Aïssatou est assistante sociale et mère célibataire. Sa fille de 7 ans, Mayia, « a trop pleuré pendant deux semaines à cause des tests ». « Je ne peux pas continuer comme ça. Je suis coincée entre traumatiser mes enfants vis-à-vis des professionnels de santé ou sacrifier leur scolarité. Je fais vraiment du mieux que je peux », affirme Aïssatou. « Mais moi je t’aide, maman ! », lance la petite Mayia, pleine d’énergie, scolarisée en CE1 à l’école Rosa-Parks d’Ivry-sur-Seine (Val-de-Marne).

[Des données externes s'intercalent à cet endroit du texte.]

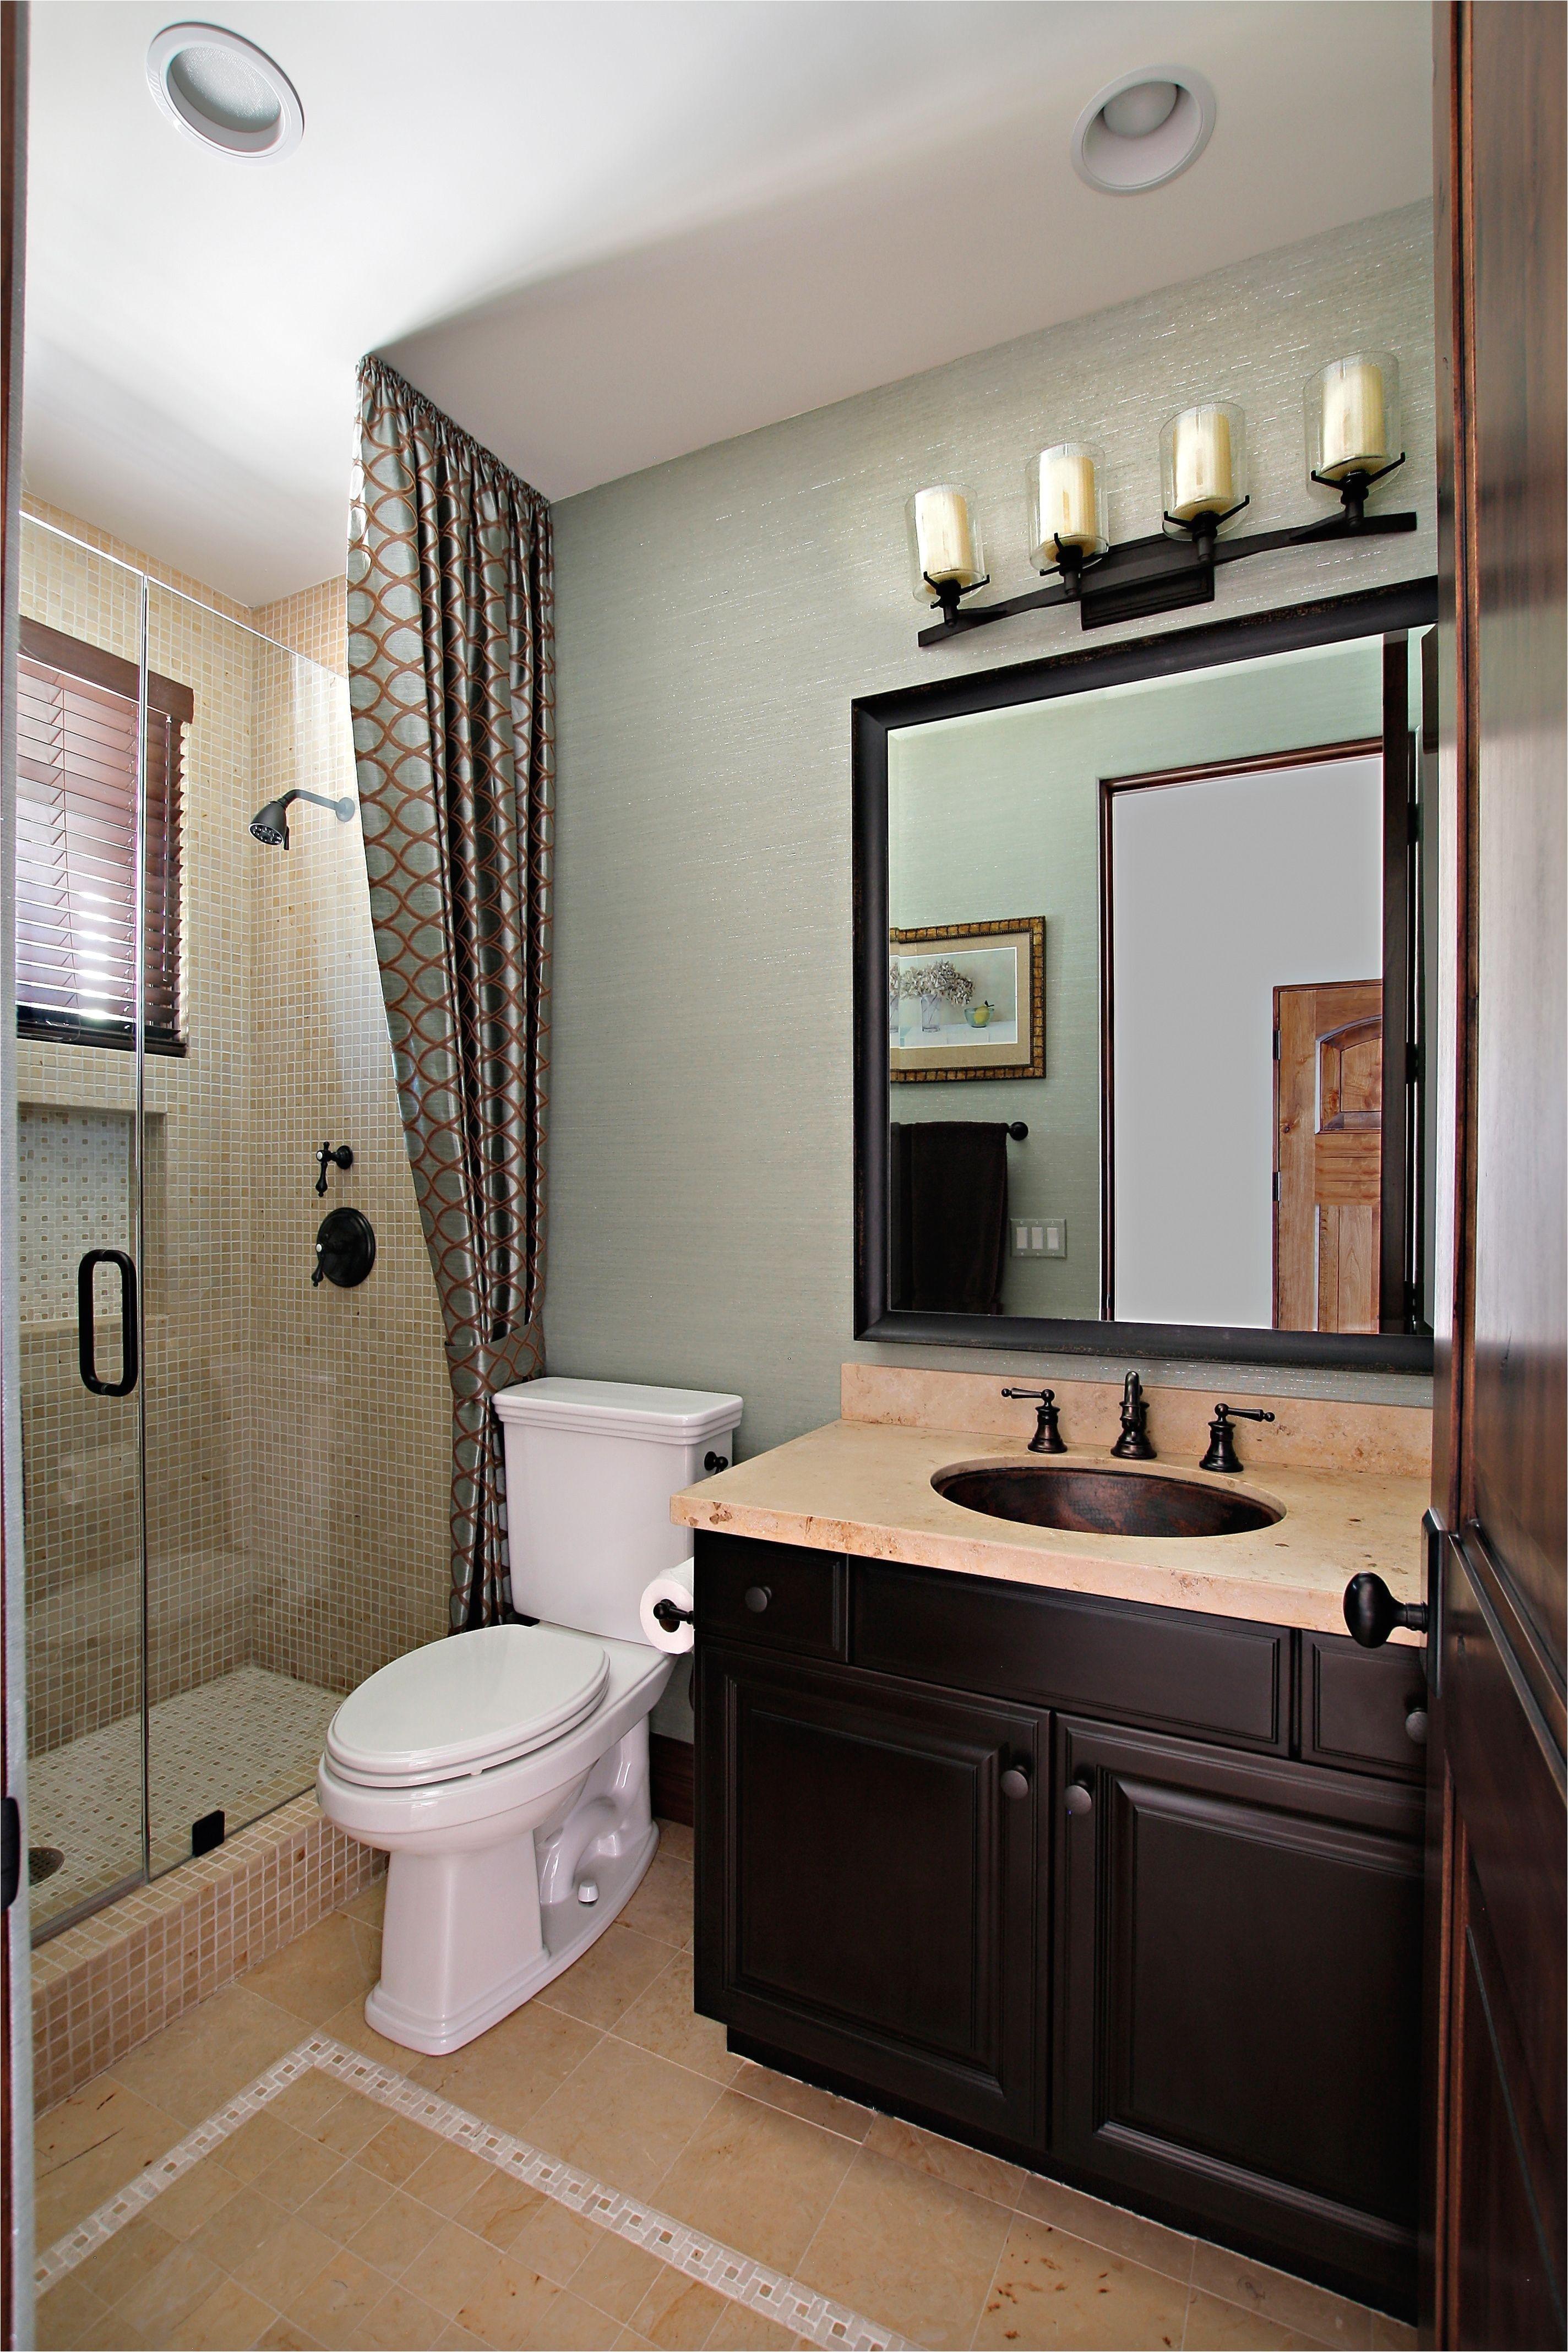 small bathroom remodel ideas save tub shower ideas for small bathrooms i pinimg originals 8e 04
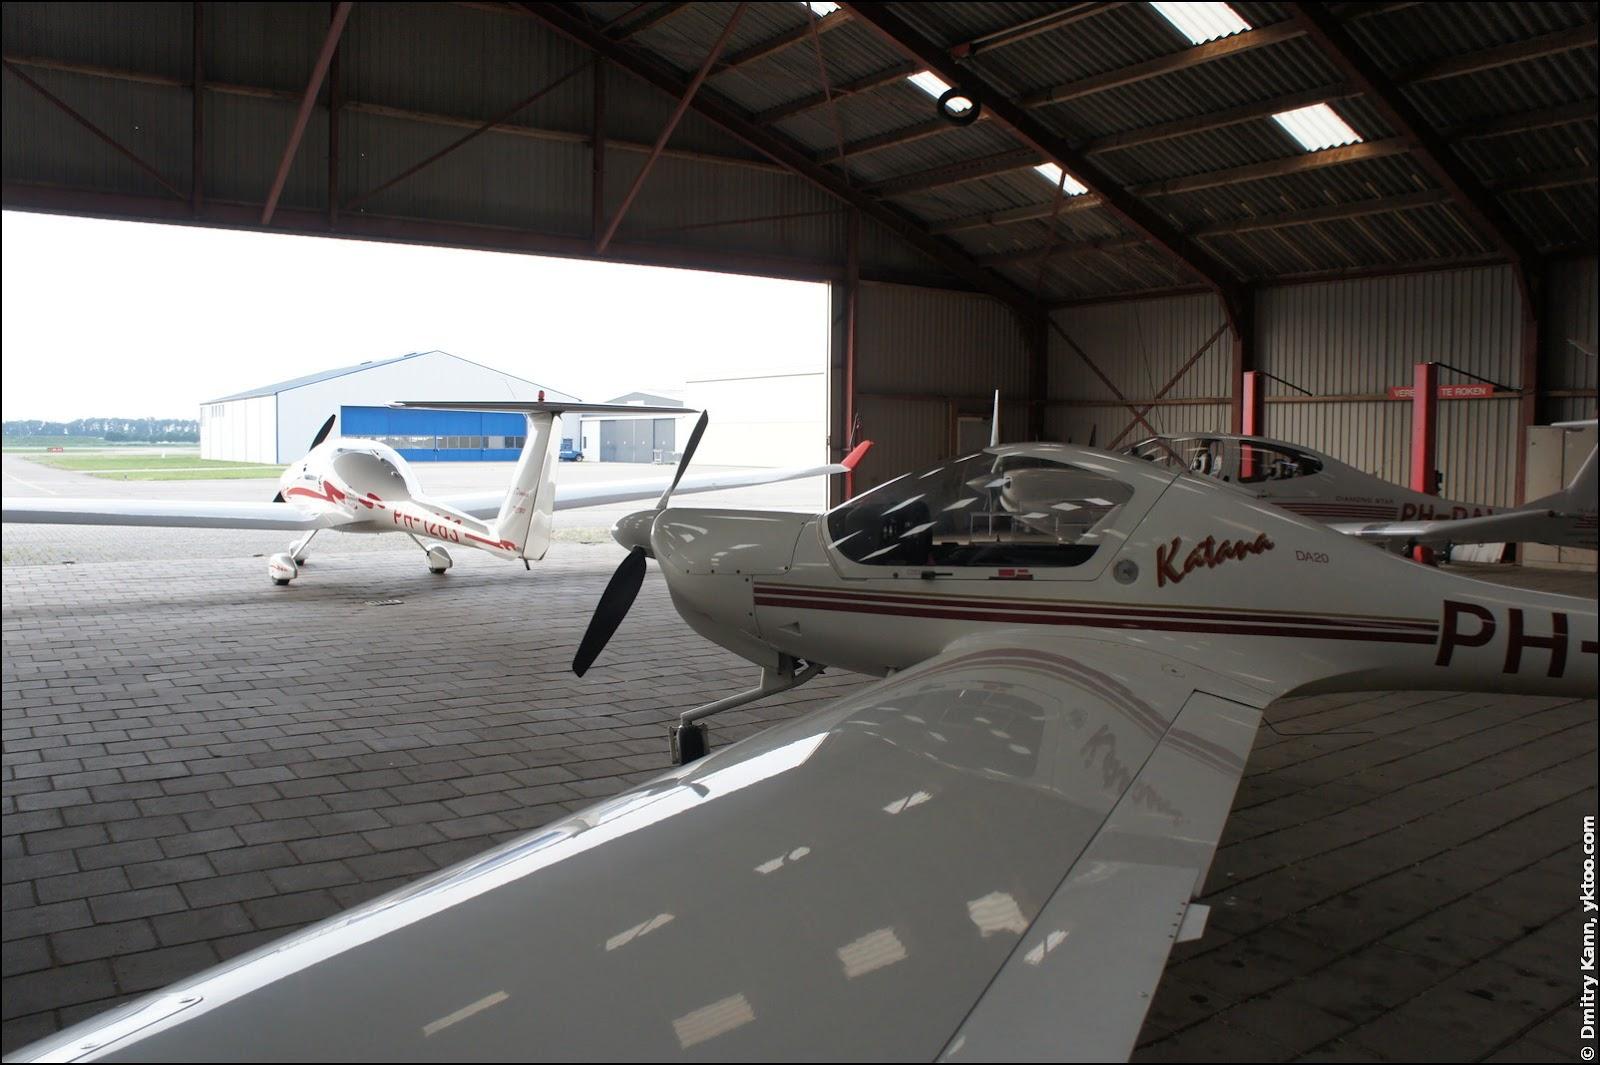 Replacing the aircrafts.

Elle ne parle pas des tests, c’est déjà enfoui au fond de sa personne. Son problème, cependant, c’est qu’elle « n’arrive pas à écraser le coronavirus. Ni tous les variants du monde. Et puis à cause de tous les morts, on peut pas toucher les copains avec les mains ».
Selon Marie Touati-Pellegrin, les enfants n’ont pas nos mots d’adulte, mais ils sont, comme nous, traversés par l’angoisse de la mort et de l’incertitude : « D’abord avec la peur de perdre les grands-parents et, maintenant, l’angoisse remonte avec tout ce qu’ils entendent sur Omicron. » Leur rapport à l’acceptation de la douleur est aussi mis à l’épreuve, relève la pédopsychiatre : « La douleur des tests répétés n’est pas anodine pour les enfants.Douloureux tous les deux jours, c’est pas possible. C’est pas comme pour aller voir mamie à Noël. »
Justine, jeune élève de CE1 au Bouscat (Gironde), frétille sur sa chaise. « La maîtresse, on sait jamais si elle est contente ou pas contente avec son masque, mais c’est pas grave ça, moi je l’aime bien. » Sa vitalité toute particulière semble incarner le courage de tous ces petits qui endurent sans le savoir, et qui trouvent pirouettes et cacahuètes pour rebondir ailleurs : « On a des zones dans la cour, ils nous séparent avec des plots, ça me dérange pas trop parce que j’ai pas de copains en CM1. »
Comme elle, Avril, également en CE1 mais dans le 10e arrondissement de Paris, a la chance de partager des moments riches en famille. Ses parents sont musiciens et font tout leur possible pour que la crise n’abîme pas les rêves de leur fille. Avril a d’ailleurs décidé que chaque fois qu’elle retournerait dans un labo, elle prendrait ça comme une expérience car, plus tard, elle « [sera]chimiste », assure-t-elle de toutes ses dents de lait.